Finally, the truly boring stuff out of the way, we are getting into some real mastercheffy action.
Today, 16 cooks trying to get into the top 24 by cooking one
of the best 5 dishes of the day. There are 2 pantries – one with less
ingredients but 90 mins to cook, and one with a lot of ingredients with 45 mins
to cook.
Only 3 cooks – Conor, Sarah and Cameron decide to go with
the small pantry. Conor wants to channel his Greek grandma, Sarah is intense
and wants to make steak and chips, Cameron seems like he is just having fun and
trolling everyone else.
Conor has no clue what he wants to cook – also he doesn’t
follow recipes. Have a feeling he is going be an entertaining addition to the mix this year. Or it is going to be one massive disaster. Time will tell.
Sarah says she is not leaving without an apron – and that
judges are going to pry it out of her sticky fingers. Cameron says the apron is his and trash talks
Sarah saying they've already started embroidery on his - not realizing that both could get aprons. Sarah (also not realizing there are enough aprons for both) says its just a typo – betraying that she has no clue what a typo
is.
Everyone else is regretting massively that they didn’t take
more time. Ben the Tool is asking whether the others having more time is an
advantage. Max the nice guy is totally ignoring him. I really like this episode
because Ben the Tool gets about 30 seconds of additional airtime in the rest of
this entire episode.
Max tries to sneak an ingredient from the small pantry and
fails. He is doing a peach tarte tatin in 45 minutes. The other contestants are
worried and say “he’s brave” and “hopefully he’s made the right decision” which
I can only assume is the Aussie way of saying “He is an idiot and has fucked
this up beyond recognition”.
Aaron is making crispy skin duck with fennel and onions.
Wynona is doing her pork dish from Instagram. Conor has finally decided what he
wants to make – an avgolemono substituting the chicken broth for fish broth.
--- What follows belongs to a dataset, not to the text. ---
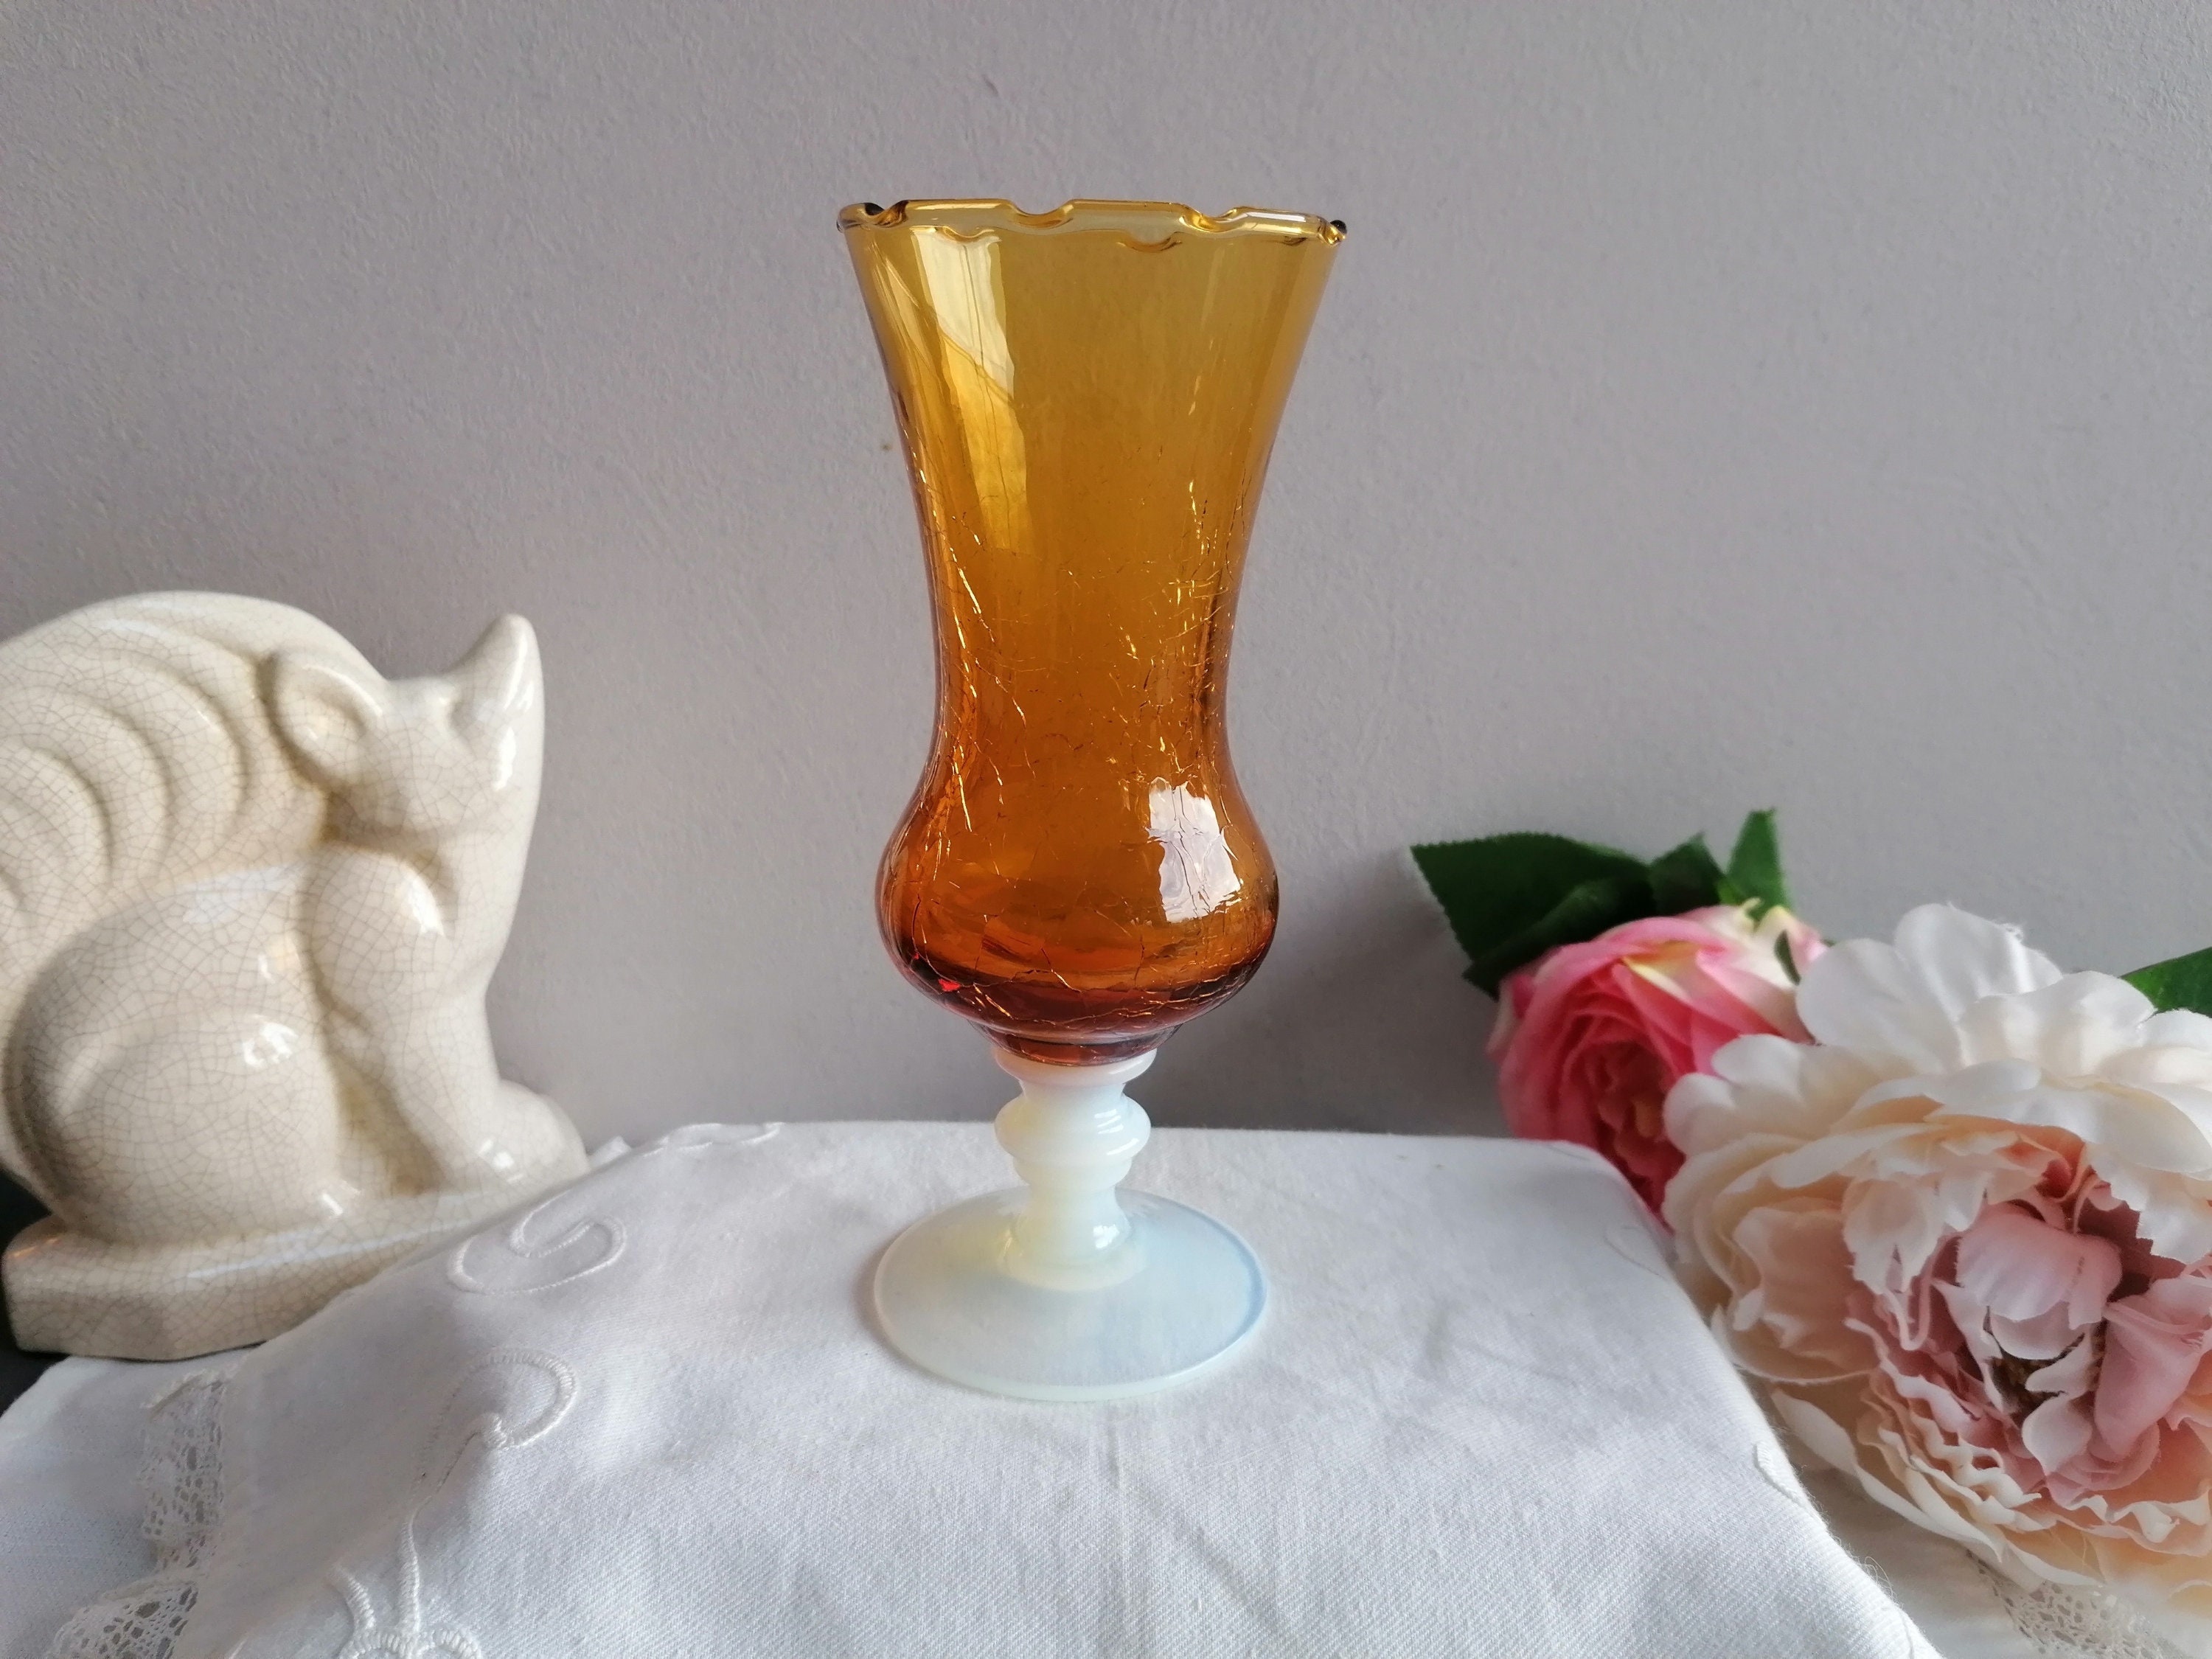 Superbe Petit Vase Ancien en Verre Craquelé Jaune et Pied Opaline. Vase Forme de à Pied, d'une Grand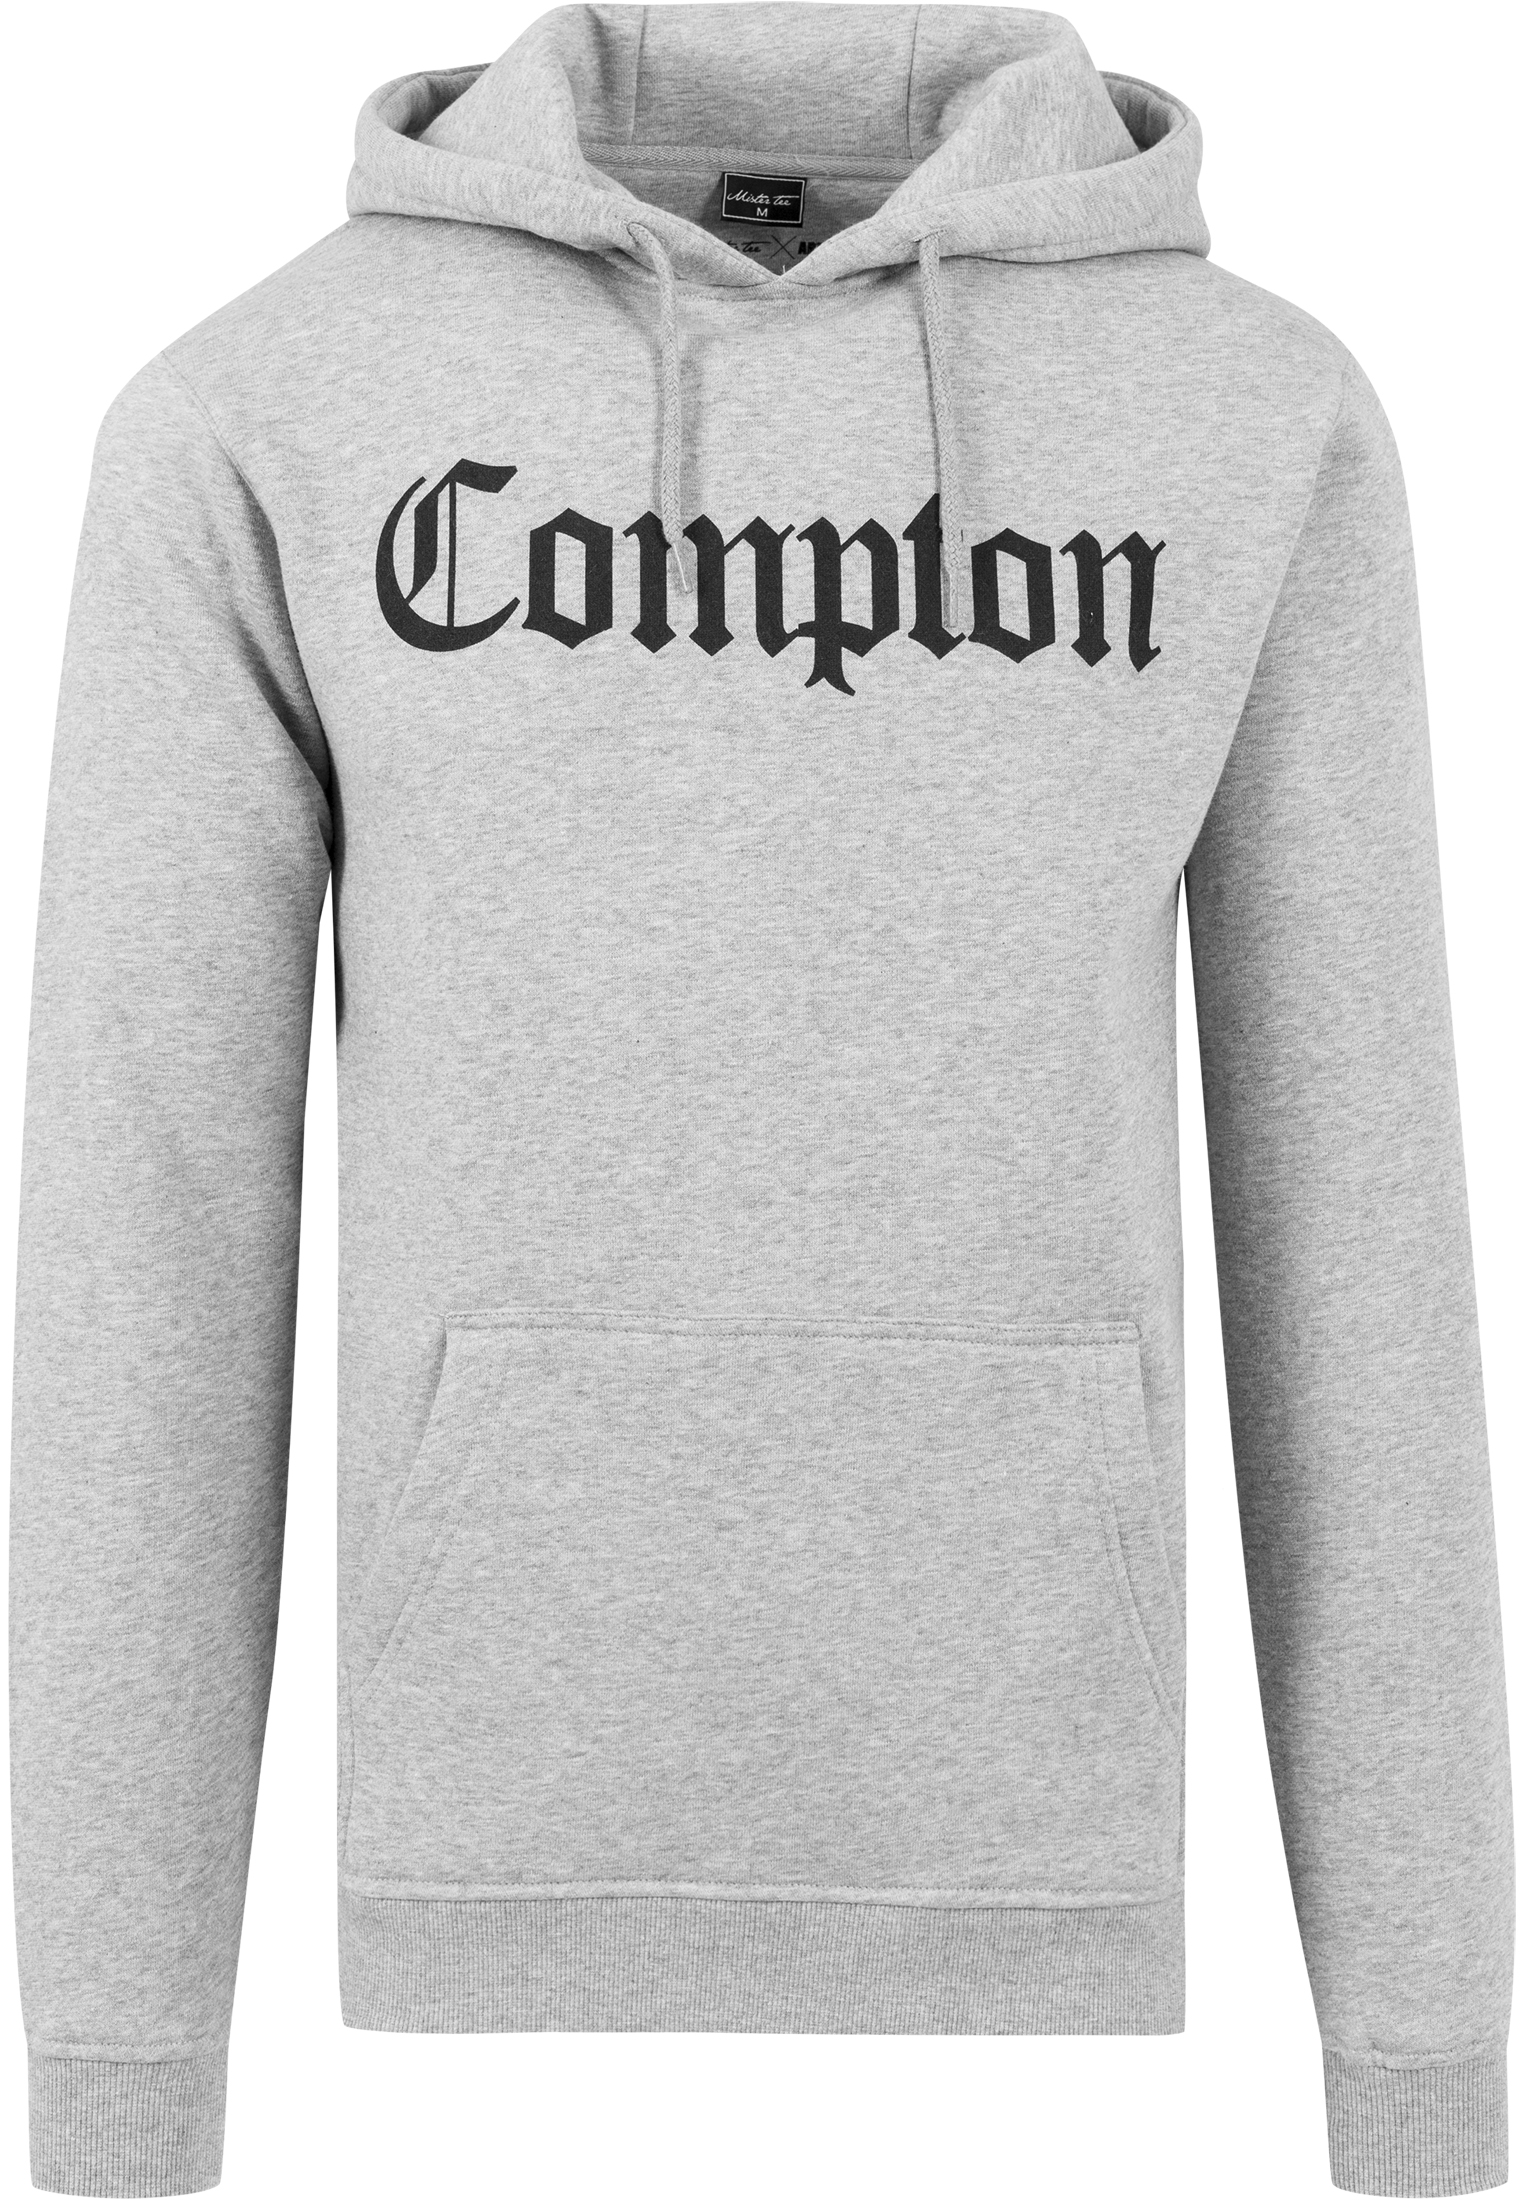 Compton Hoody-MT269

Katrina has been totally thrown off by the judges coming
over an asking her what she is cooking – and has forgotten her own dish. She
has also forgotten to score her fish.
Max once again reminds viewers of his terrible decision to
cook Paris Peach Tarte Tatin in 45 mins and Depinder now weighs in saying “He’s
pushing it” which I can only assume is the Aussie way of saying “There is no chance of this happening,
why is this guy even here?”
All contestants say how good their own dishes are – while
Cameron makes a Dad joke.
Charlie makes his only contribution to this episode by
cutting his thumb.
We are back on Max now. The judges now tell him he is an
idiot as he could have used nectarines instead of peaches and had 90 minutes.
Max finally realizes his error but still foolishly clings on some hope of
making it.
Times up and now let’s get to the tasting.
Jock likes Elise’s dish. Andy says he wasn’t expecting that
because before this he had no idea what the dish was.
Jock likes Wynona’s dish which he basically asked her to
cook yesterday. Mel also liked the dish. Andy doesn’t bother commenting.
Ikesh’s dish is “work-in-progress” i.e. not good at all.
A few other good dishes follow.
Katrina up next – who is nervous and worried about
everything. Jock likes the fish and the dish overall – the other two just
repeat what he says. Some things don’t change. Sigh.
Aaron’s happy at his awesome looking dish. Everyone loves this
dish and he’s basically got the apron.
Max is now up next – to be put out of his misery. Somehow he
is still optimistic that his dish is good despite making a 45 minute dish in 25
mins. Max lies he’s happy with his idiotic decision to go for 45 mins. Jock
says overall it is still decent but the pastry is a bit undercooked. Bye bye
Max.
Ben the Tool’s dish is universally panned – oily tostada,
too much sala verde. So long Ben.
Cameron’s pasta is too thin. Sarah’s dish is just plain bad
with the undercooked carrot, grainy puree and overcooked steak. Two more gone[1].
Finally coming to Conor – everyone loves his avgolemono with
the King George Whiting. And it turns out his peppered nectarines were an
inspired last minute addition.
The final fives chosen are Aaron, Elise, Katrina, Wynona and
Conor. All highly deserved.
Cheers and see you guys in Episode 3 – and the start of the
actual Masterchef Season.
[1] As
the parrot said to his co-passenger in the classic marathi joke “If you cannot fly, why do maaz?”